For analyzing the collected data, first, the correlation of each variable with age at first childbearing decision was examined (Table 3). It was significantly related to age at marriage (r=0.891), and marriage duration (r=0.29), and men’s education (r=0.001); however, it had no significant relationship with hope, the desired number of children, and desired childbearing time interval. Moreover, the quality of life had a significant negative correlation with age at first childbearing decision (r=-0.22, P=0.001). Age at marriage had the highest correlation with age at first childbearing decision (r=0.891, P=0.001).

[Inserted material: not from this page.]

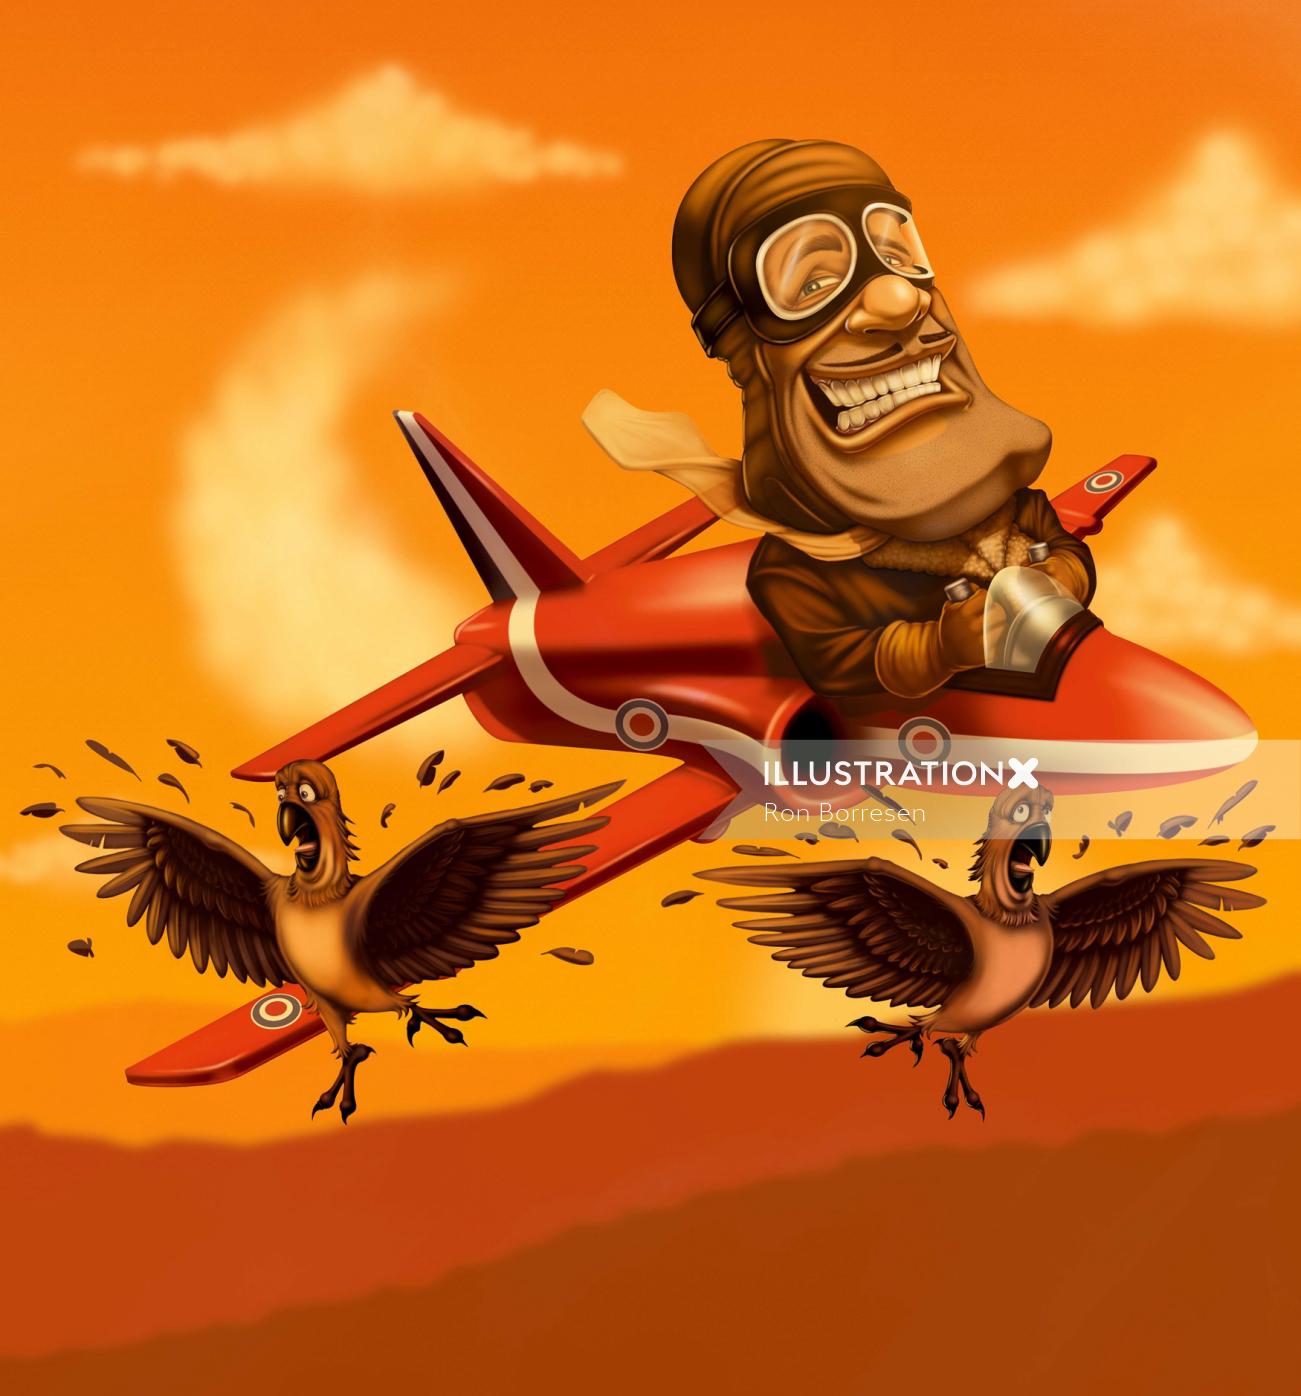 Arte em quadrinhos do piloto no avião - acerte a ilustração dos pássaros

The stepwise (Backward) linear regression analysis results are presented in Table 4. According to the results, the coefficients of age at marriage and quality of life variables were significant (P=0.001); however, those of hope, marriage duration, desired childbearing time interval, and desired number of children were not significant. Only the variables mentioned in Table 4 remained in the regression model. Among them, age of marriage had more power in predicting factories influencing age at first childbearing decisions. For 1-year increase in marriage age, if other variables remained constant, the age at first childbearing decision of men increased by 0.89. In other words, with the 10-year increase in men’s marriage age, the childbearing age increased by 8.9 years. Moreover, for 1-point increase in the quality of life, if other variables remained constant, age at first childbearing decision reduced by 0.09 years.
Discussion
In this study, marriage age and marriage duration suggested a significant and direct correlation with age at first childbearing decision in men. Furthermore, those who marry at a younger age can have their first child in a shorter time. Numerous studies have also reported that age at first marriage is the main intervening factor and determinant of first childbearing time along with other related factors [26-28]; these findings are consistent with ours. Education also had a significant relationship with age at first childbearing decision in men. Adibi Sade et al. and Sadeghi et al. revealed the negative effect of men’s educational level on fertility [29, 30]. Results of Kreyenfeld and Andersson on socioeconomic panel of German and Denmark indicated that the rate of fertility in highly educated people during unemployment is significantly reduced, compared to those with low education [27].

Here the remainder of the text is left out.